BACKGROUND OF THE INVENTION
Known vibration isolating measures for vibrating tools are
described in Examined and Published Japanese Utility Model
Application Nos. 54-1446 and 62-46485.
The vibrating tool of the Examined and Published Japanese Utility
Model Application No. 54-1446 (hereinunder referred to as the first
reference example) is, as shown in FIGS. 5A and 5B, provided With
projections 103 at the rear end of a tool body 101. Bar-shaped
elastic members 105 are engaged in through holes in the projections
103 and are held between a pair of handle members 107 and 108. In
this structure, the elastic members 105 are deformed under shearing
forces, thereby absorbing vibration of the vibrating tool.
The vibrating tool described in the Examined and Published Japanese
Utility Model Application No. 62-46485 (hereinunder referred to as
the second reference example) is, as shown in FIGS. 6A, 6B and 6C,
provided with a projection 113 at the rear end of a tool body 111.
A hollow rubber cylindrical member 115 is engaged in a through hole
in the projection 113 and is held between a pair of handle members
117 and 118, such that parts 119, 120, which are integrally
projected from the handle members 117, 118, respectively, are
inserted into the ends of the hollow cylindrical member 115. The
tool body 111 is fastened together with the handle members 117, 118
by a screw.

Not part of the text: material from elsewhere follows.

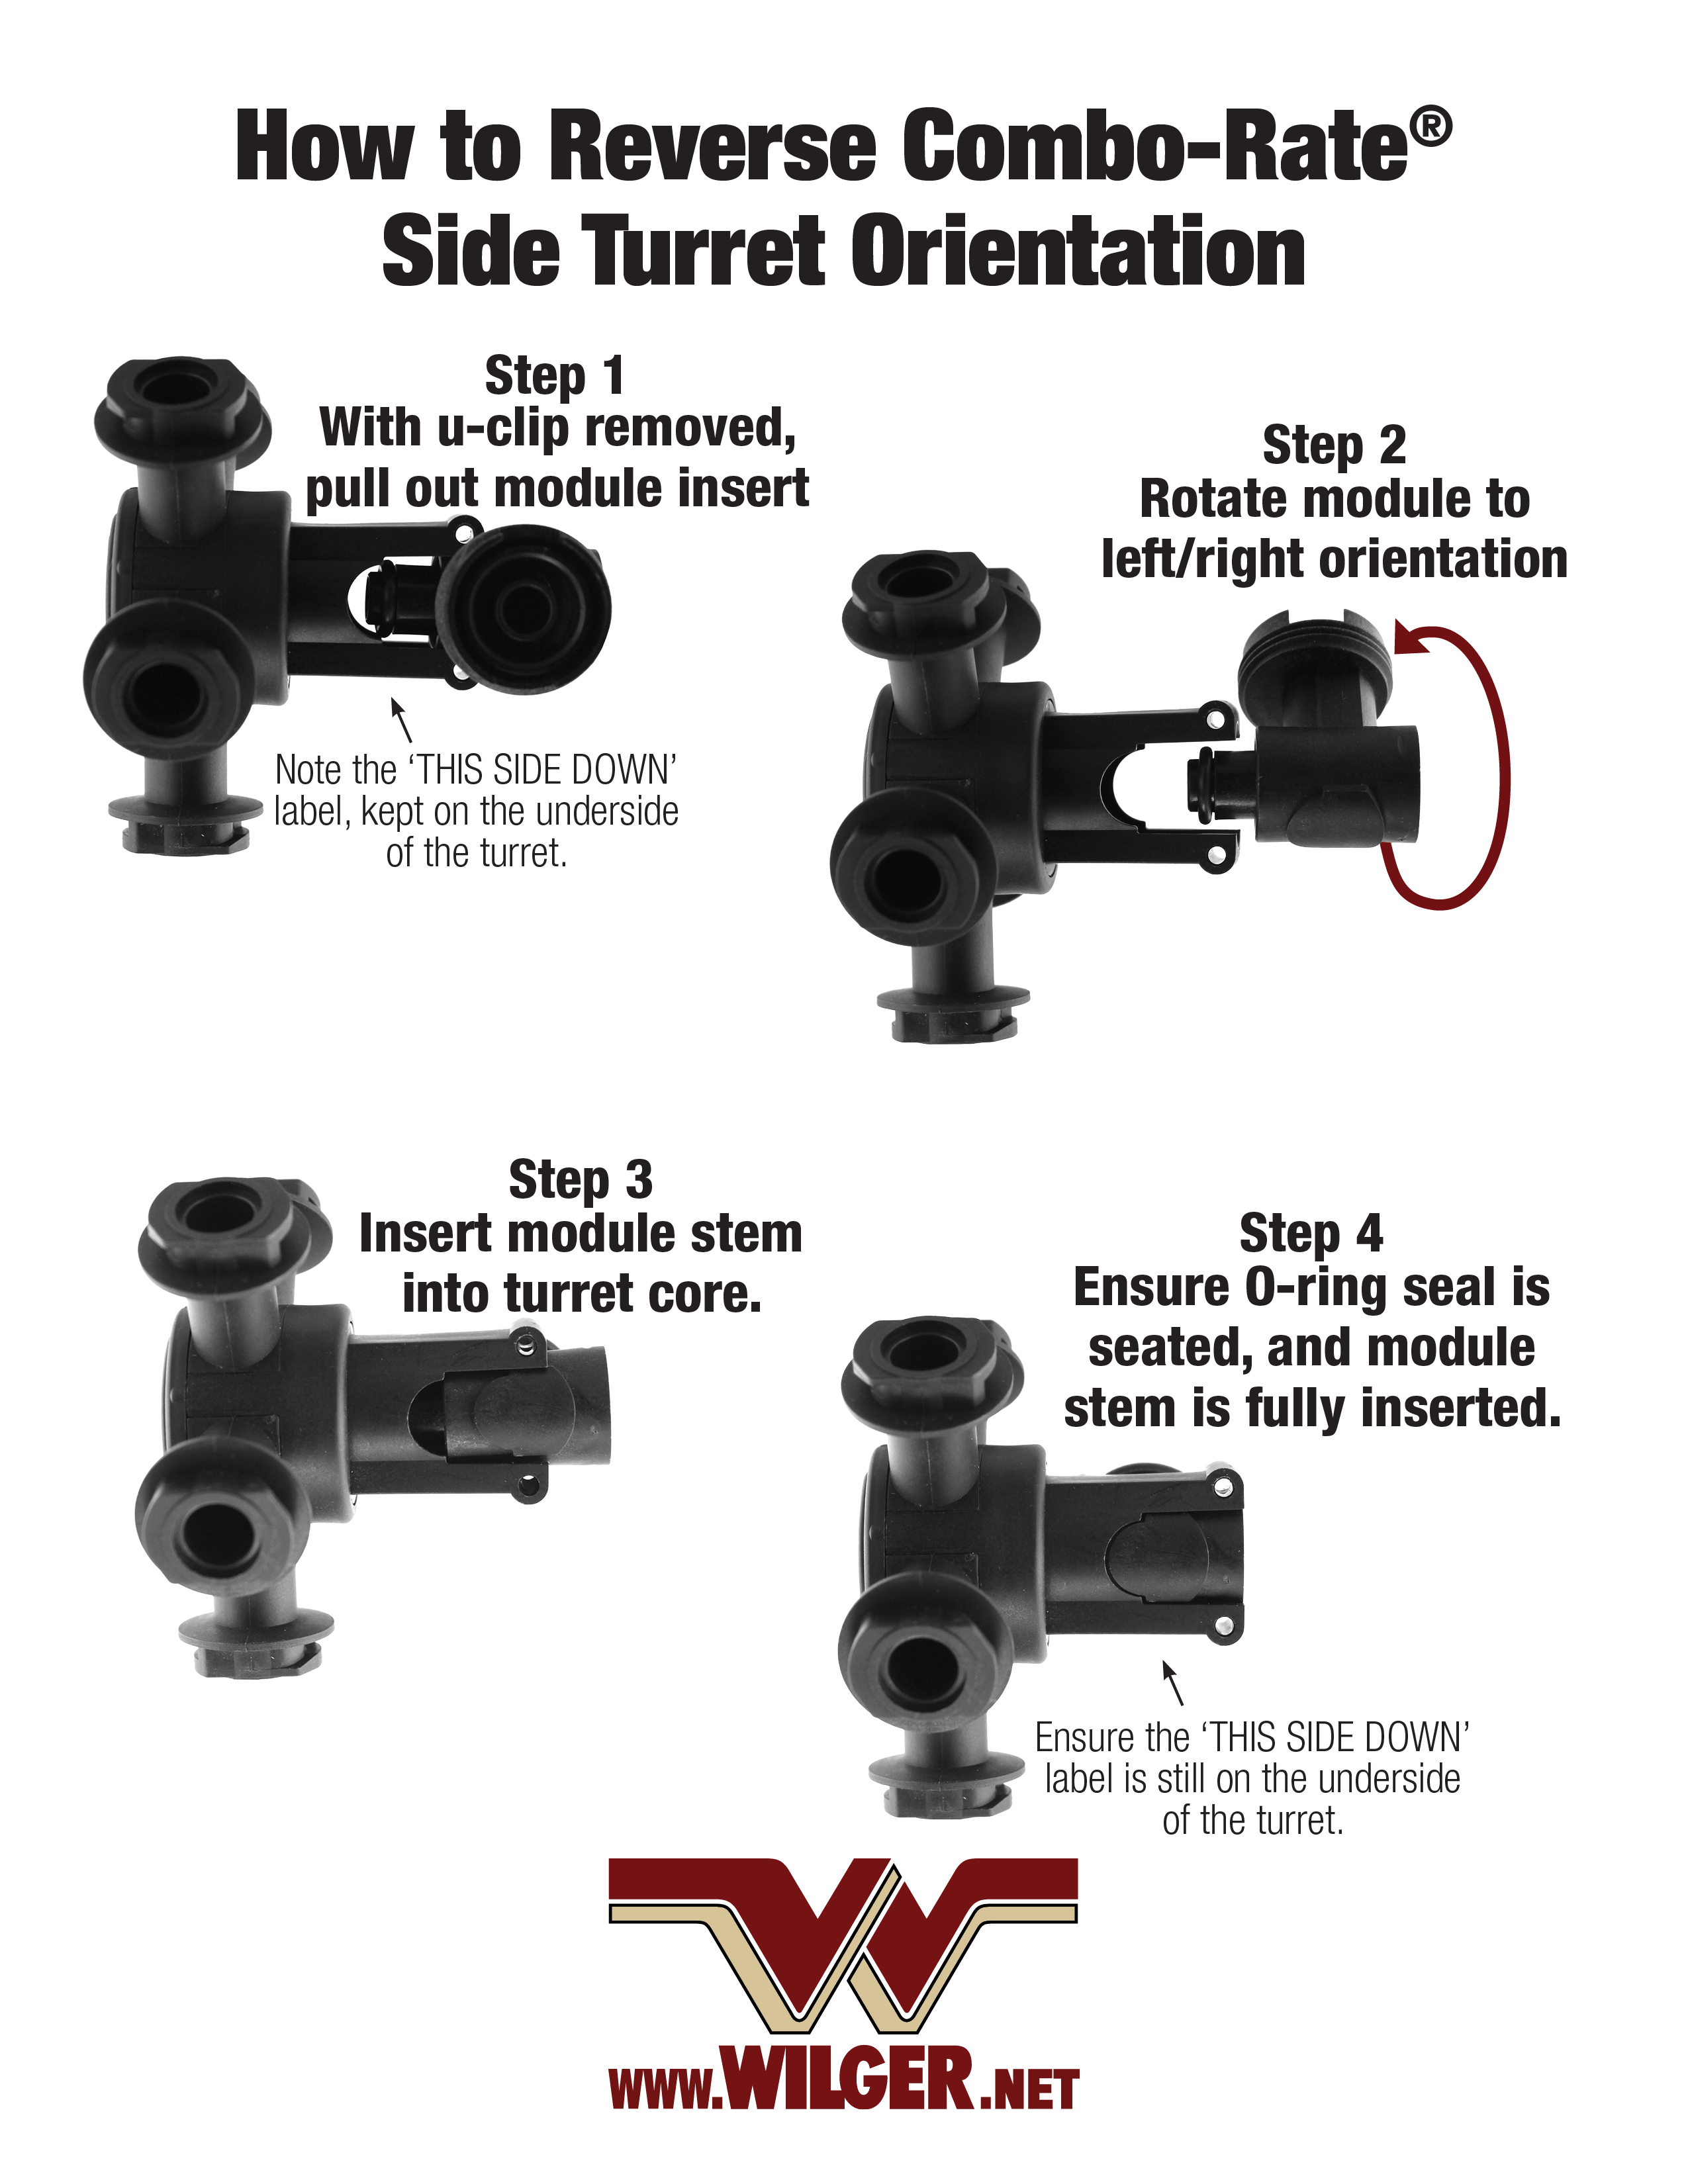 Combo-Rate® Side Take-Off Turret Reversal Instructions

Further, a rubber ring 123 is attached to a root 121 of
the projection 113. By fastening together the handle members 117,
118 and the tool body 111 with the rubber cylindrical member 115
and the rubber ring 123 held in the tool body 111, vibration is
absorbed.
In the first reference example, however, the tool body 101 is
securely connected with the handle members 107, 108 only by the
bar-shaped elastic member 105. When large amplitude vibrations or
impacts are applied to the vibrating tool, a relatively large
shearing force is concentrated on the elastic members 105. The
large shear forces will eventually break the elastic members 105.

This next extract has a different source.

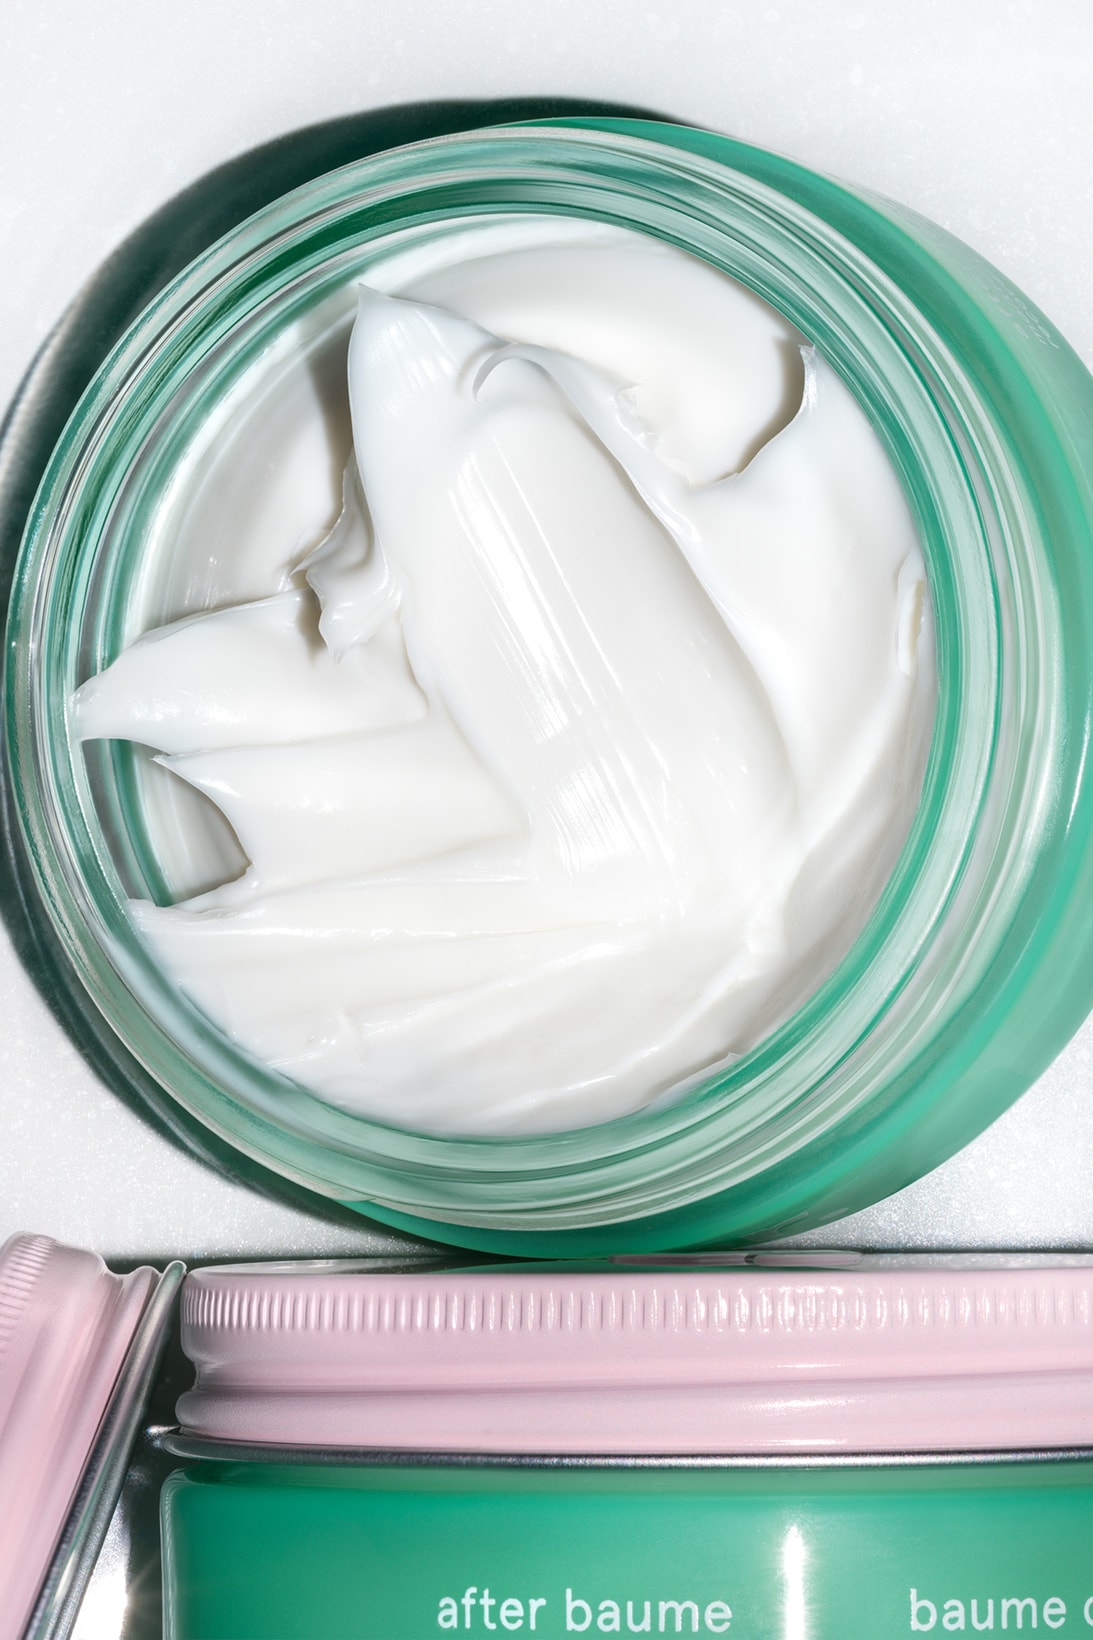 Glossier New After Baume Moisturizer Skincare Face Cream

Since the only connection between the handle members 107, 108 and
the tool body 101 is provided by the elastic members 105, when the
elastic members 105 break, the tool body 101 falls off the handle
members 107, 108. If the member 105 is hardened so as to bear the
shearing force, however, the vibration is insufficiently isolated.
Also, the handle members 107 and 108 must be made deep enough to
provide sufficient space for receiving the elastic members 105.
In the second reference example, rubber components 115, 123 are
interposed as packing or lining members in the clearance between
the tool body 111 and the pair of handle members 117,118. The
handle members 117, 118 are relatively fixedly connected with the
tool body 111. Therefore, the elastic components 115, 123 are
insufficiently axially displaced, deflected or deformed, to
effectively absorb the vibration. The vibration isolating
performance of the individual components is not effectively
utilized.
SUMMARY OF THE INVENTION
Wherefore, an object of the invention is to provide a vibrating
tool in which a tool body housing and a handle are displaceably
interconnected with each other in a manner such that large
amplitude vibrations are sufficiently absorbed.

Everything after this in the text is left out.